In our ^GCPAN triplex crystal structure, the Fab-binding motif (5′-GAAACAC-3′) forms contacts with Fab-BL3-6 identical to those described in the literature (28). G14 and C20 form Watson–Crick H-bonds, while A15, A17 and C18 fold into the protein and form H-bonding interactions with Fab-BL3-6 (Supplementary Figure S5). The 3′ terminus of the A-rich polyA tail (nts 8 to 12) interacts with the U-rich stem loop of ^GCENE duplex (nts 4–8, Hoogsteen strand; nts 26–30, Watson–Crick strands) to form a triple helix core comprising five contiguous U•A–U triples (Figure 4D, 4E) (U4•A8–U26, U5•A9–U27, U6•A10–U28, U7•A11–U29, U8•A12–U30). All bases constituting the triple helix are within hydrogen bonding distances of 2.3–3.5 Å along the Hoogsteen and Watson–Crick faces, as observed in the previous PAN triplex core crystal structure (12), indicating that the Fab binding motif did not induce significant structural changes in ^GCPAN ENE triple helix.

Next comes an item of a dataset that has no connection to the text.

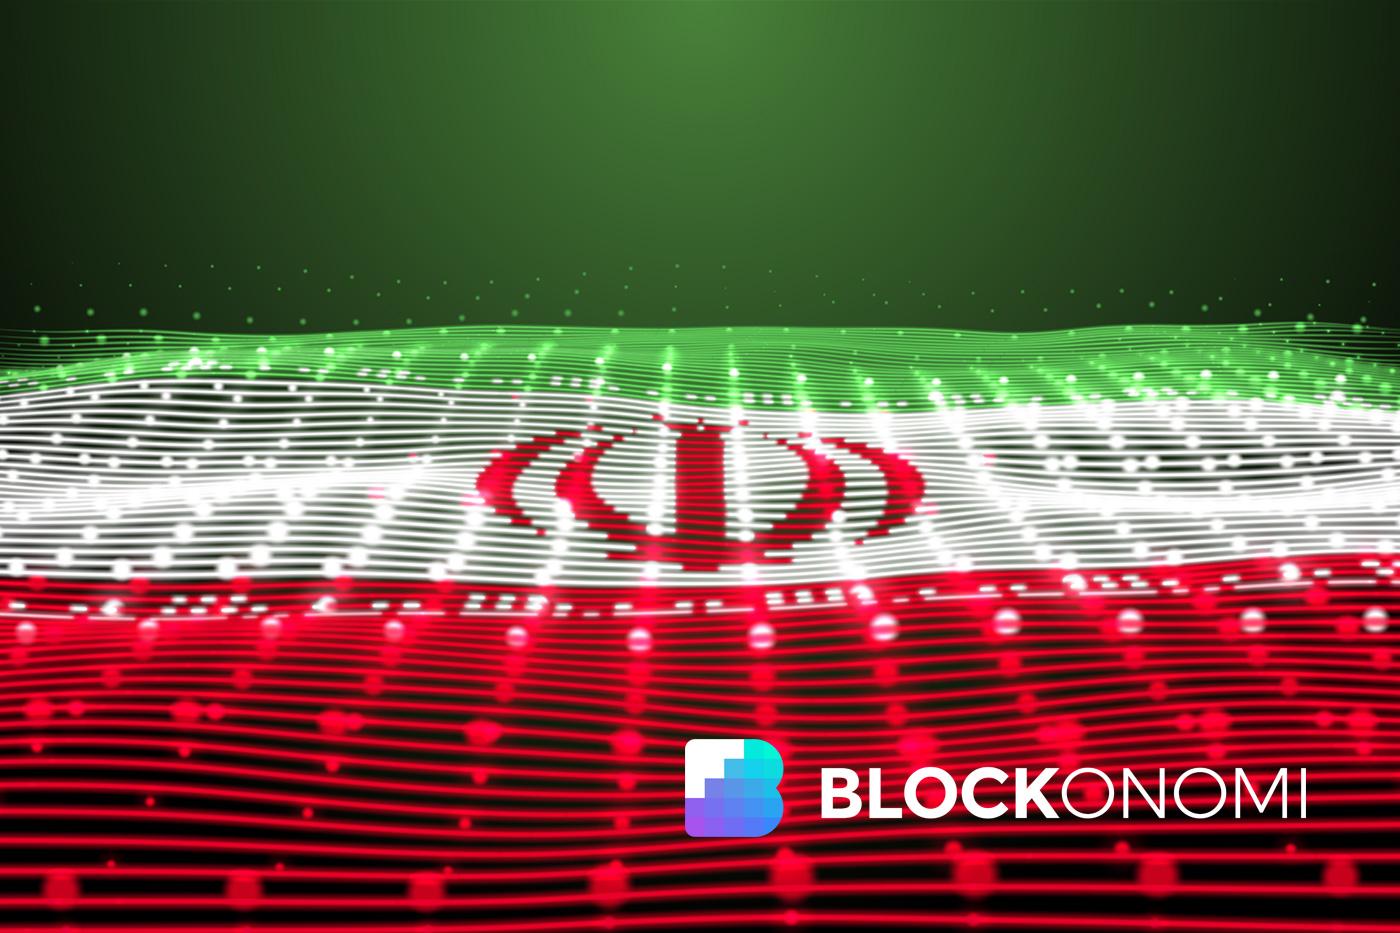 Pertukaran Crypto untuk Mendapatkan Lisensi berdasarkan Amandemen RUU Iran yang Diusulkan

To evaluate whether the addition of the ‘GC clamp’ impacted the structural arrangement of the triplex, we compared our ^GCPAN X-ray structure with the ENE•r(A)₉ triplex structure (PDB ID: 3P22) published more than a decade ago (12). A superposition of the U•A-U triplex motifs from the ^GCPAN triplex structure with ENE•r(A)₉ triplex structure resulted in an RMSD of 1.13 Å (Supplementary Figure S6A, S6B). Superposition of the triplex motif together with several surrounding base pairs above and below the triplex resulted in an RMSD of 1.4 Å (Supplementary Figure S6C). This suggests that the GC clamp did not significantly alter the triplex region or proximal residues present on either side of the triple helix region. A bent conformation was observed for the GC clamp region which resembles a similar bent conformation observed for the basal helix present in the MALAT1 RNA triplex structure (PDB ID 4PLX).

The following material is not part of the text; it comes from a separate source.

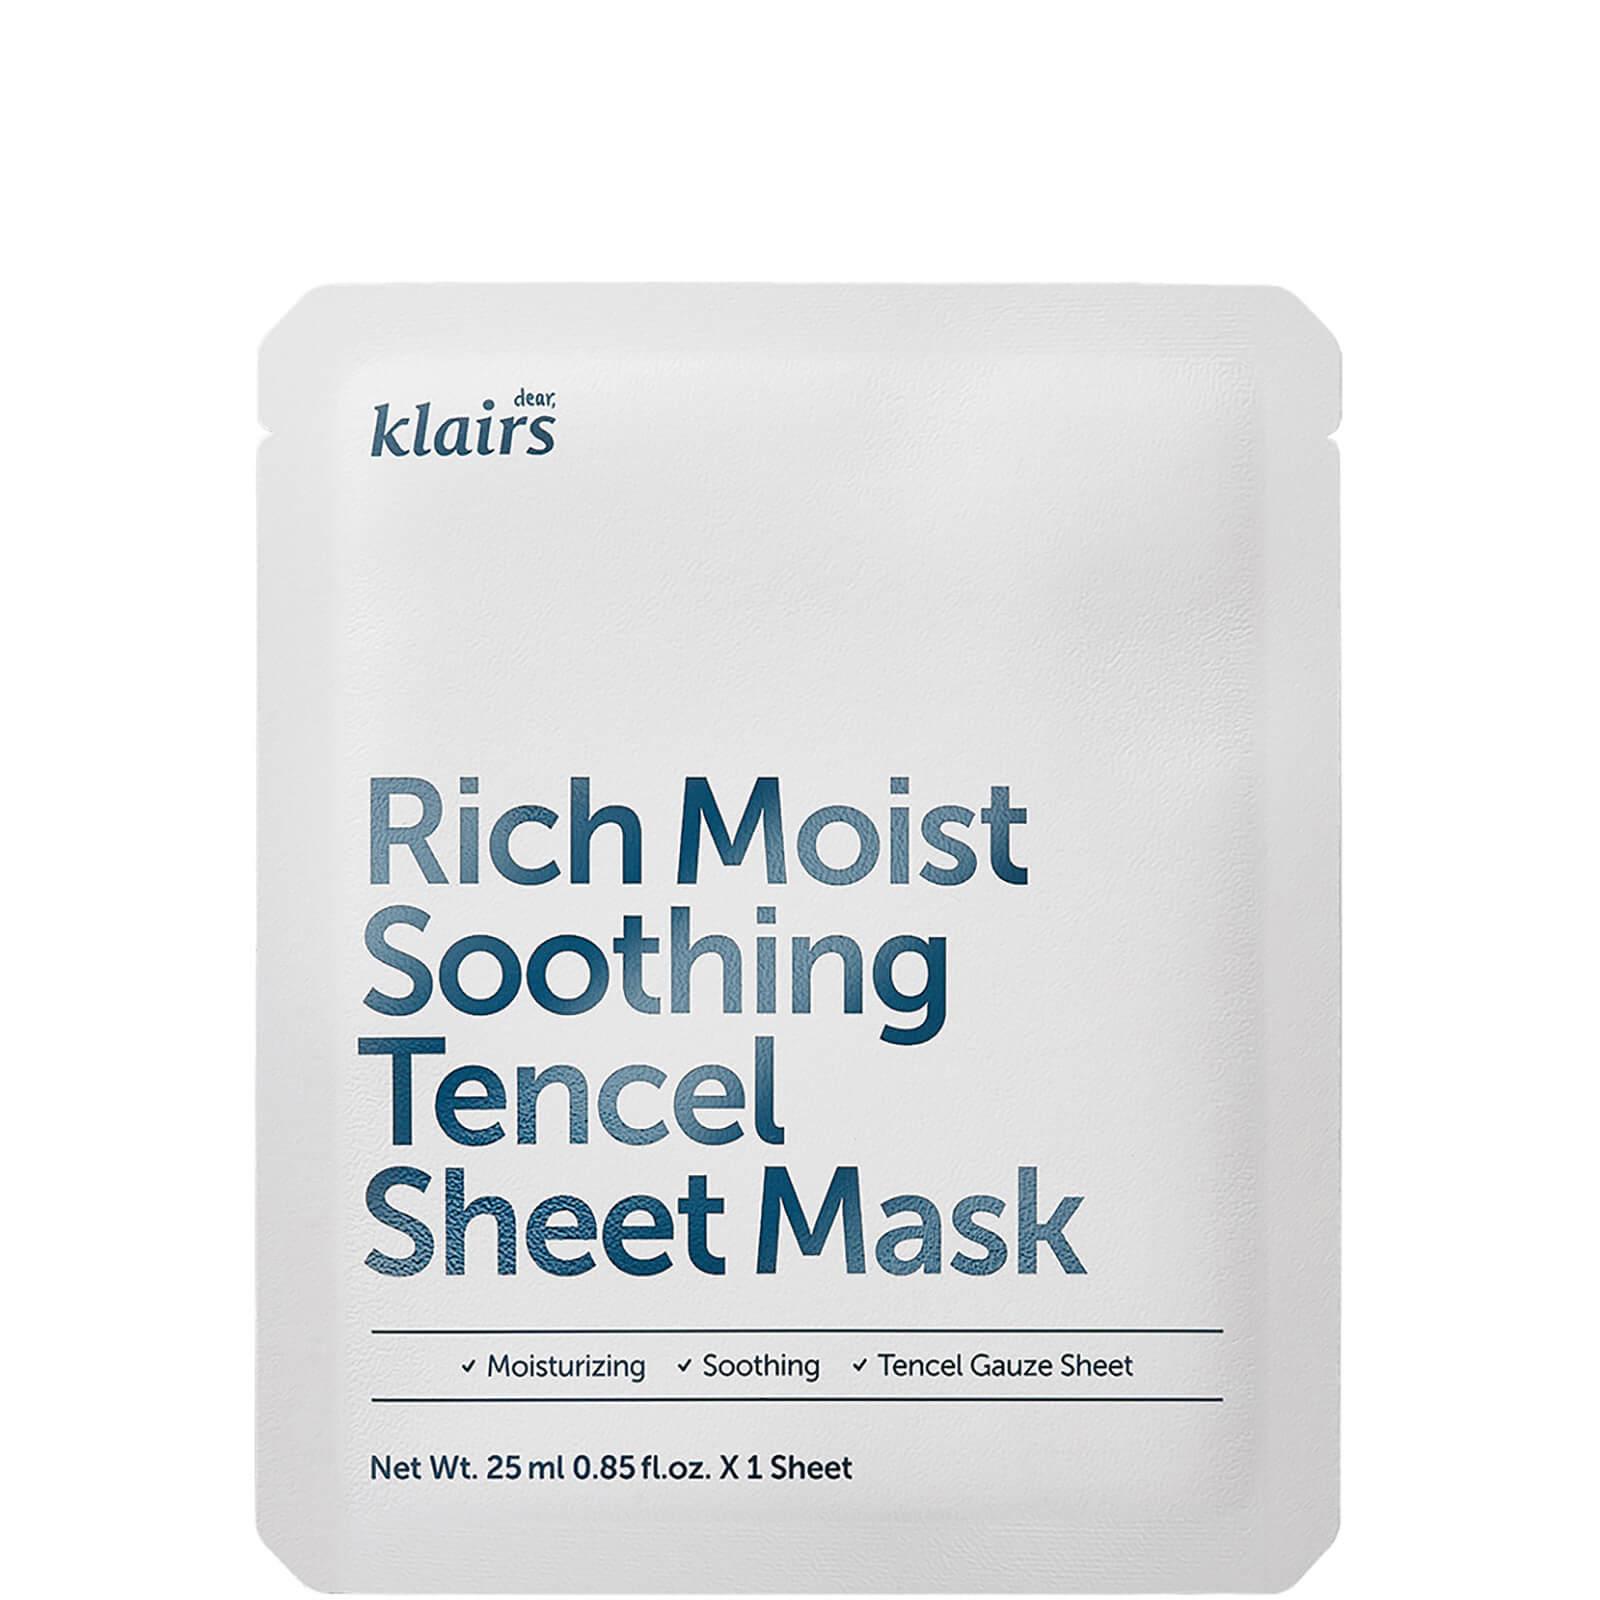 Купить Тканевая маска Dear, Klairs Rich Moist Soothing Tencel Sheet Mask 25ml

The overall rod-like structure is stabilized by co-axial stacking of the P2 apical stem and the triplex core (Figure 4C). Additional stacking interactions beneath the triplex core are presented by the P1 helix and its associated A-minor interactions; A5, A6 and A7 of ggc(A)₉ form a triad of A-minor interactions with G1–C35, G2–C34, G3–C33 of the ^GCENE duplex (Supplementary Figure S7). Directly beneath the P1 helix, the new P0 helix is formed between the 5′ terminus of ggc(A)₉ and the 3′ terminus of ^GCENE; formation of the A4–U36 base pair stacks immediately beneath G1–C35 and the additional G–C Watson–Crick base pairs (C3–G37, G2–C38, G1–C39) clamp the base of the structure (Supplementary Figure S8). Helix P0 deviates from the co-axial P2-triplex-P1 stack and extends away from the core of the structure.

Nearly all nucleotides within the ^GCPAN triplex are involved in base pairing or base triple interactions with the exception of the Fab binding motif and a dinucleotide bulge. The seven nucleotides within the Fab binding motif are involved in multiple intra- and intermolecular interactions. In contrast, A31 and U32, within the bulge at the base of the triplex, are the only nucleotides in the entire structure not directly involved in hydrogen bonding interactions. In contrast these are extruded from the helix and solvent accessible. Not surprisingly, the dinucleotide bulge is the region of weakest electron density, with only the phosphate backbone being well defined for these nucleotides (Figure 4B), suggesting it is likely flexible and highly dynamic.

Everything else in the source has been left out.